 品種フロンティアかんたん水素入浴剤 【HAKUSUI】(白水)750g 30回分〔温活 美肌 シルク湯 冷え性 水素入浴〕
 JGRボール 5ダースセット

__________________________________________________

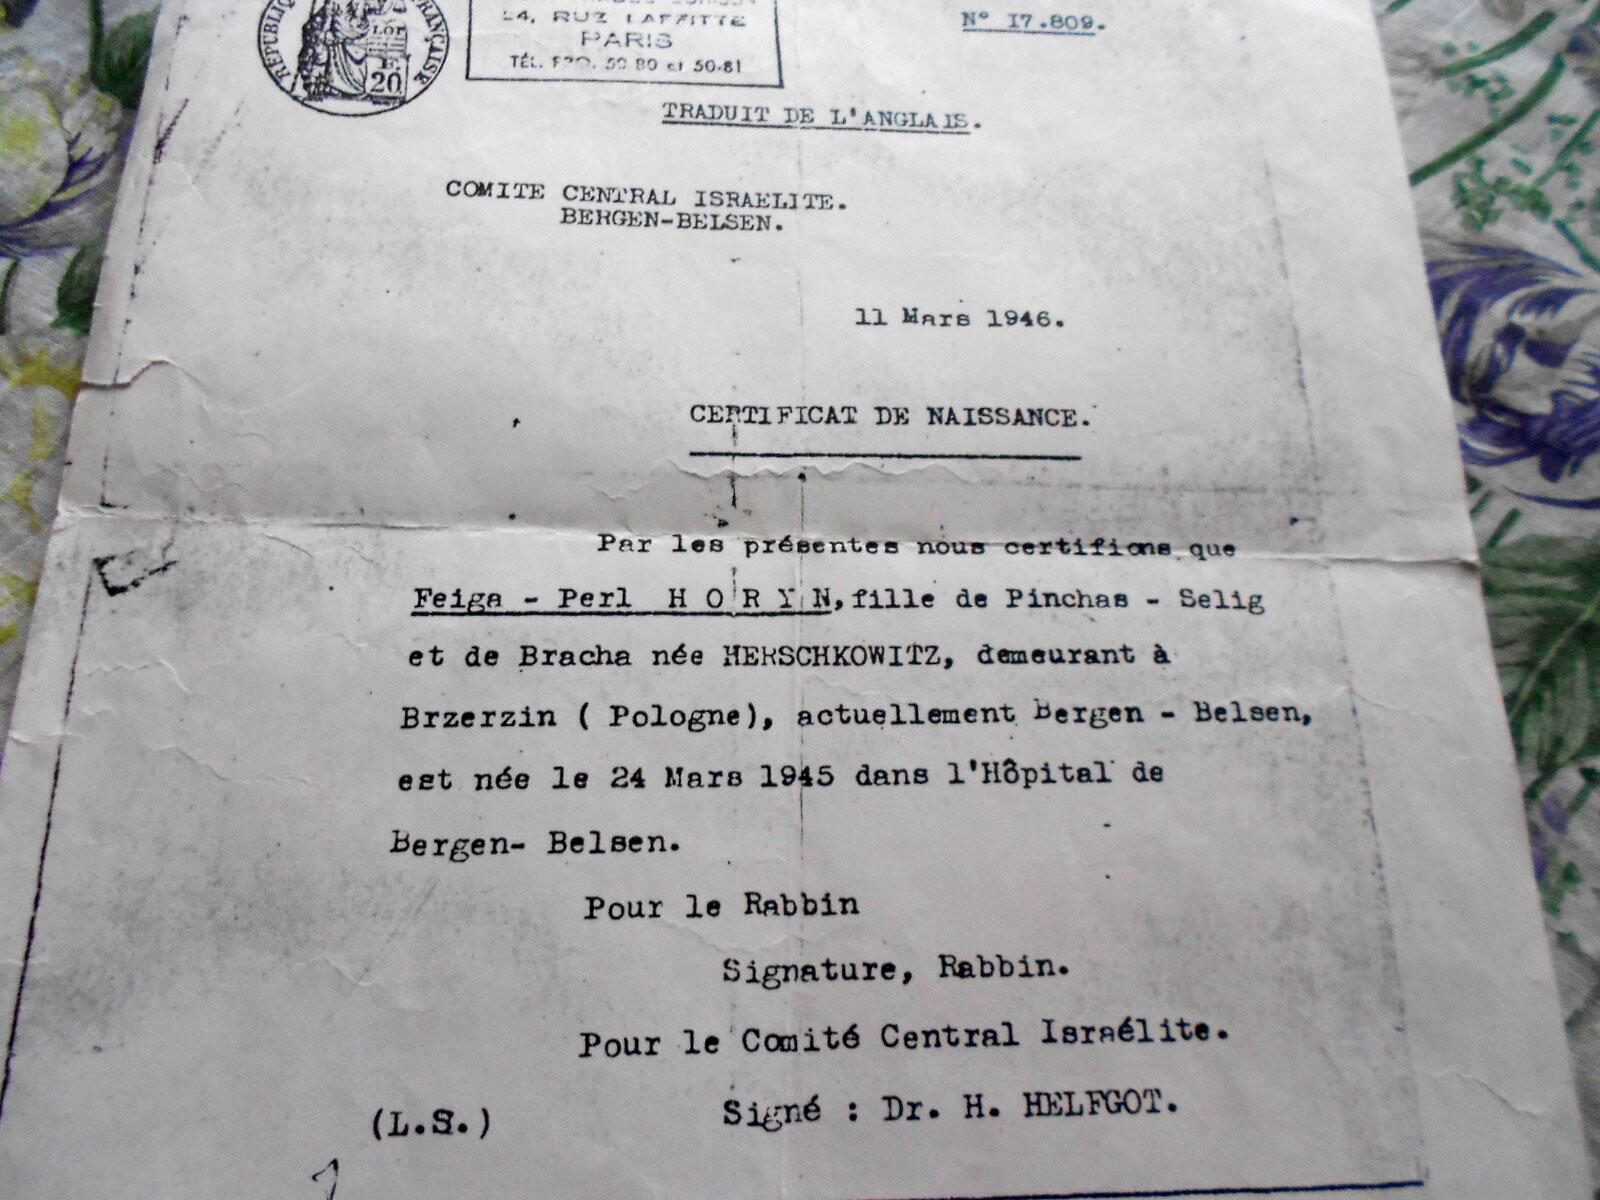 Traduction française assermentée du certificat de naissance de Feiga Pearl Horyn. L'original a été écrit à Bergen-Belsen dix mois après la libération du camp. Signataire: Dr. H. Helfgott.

__________________________________________________

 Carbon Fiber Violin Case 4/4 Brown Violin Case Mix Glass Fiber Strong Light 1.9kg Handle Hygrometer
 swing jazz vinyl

__________________________________________________

*Description of the task*.
Give back, unchanged, the run of lines in the listing above that begins at the line containing "Carbon Fiber Violin" and ends at the line containing "swing jazz vinyl", both included.

*The answer*.
 Carbon Fiber Violin Case 4/4 Brown Violin Case Mix Glass Fiber Strong Light 1.9kg Handle Hygrometer
 swing jazz vinyl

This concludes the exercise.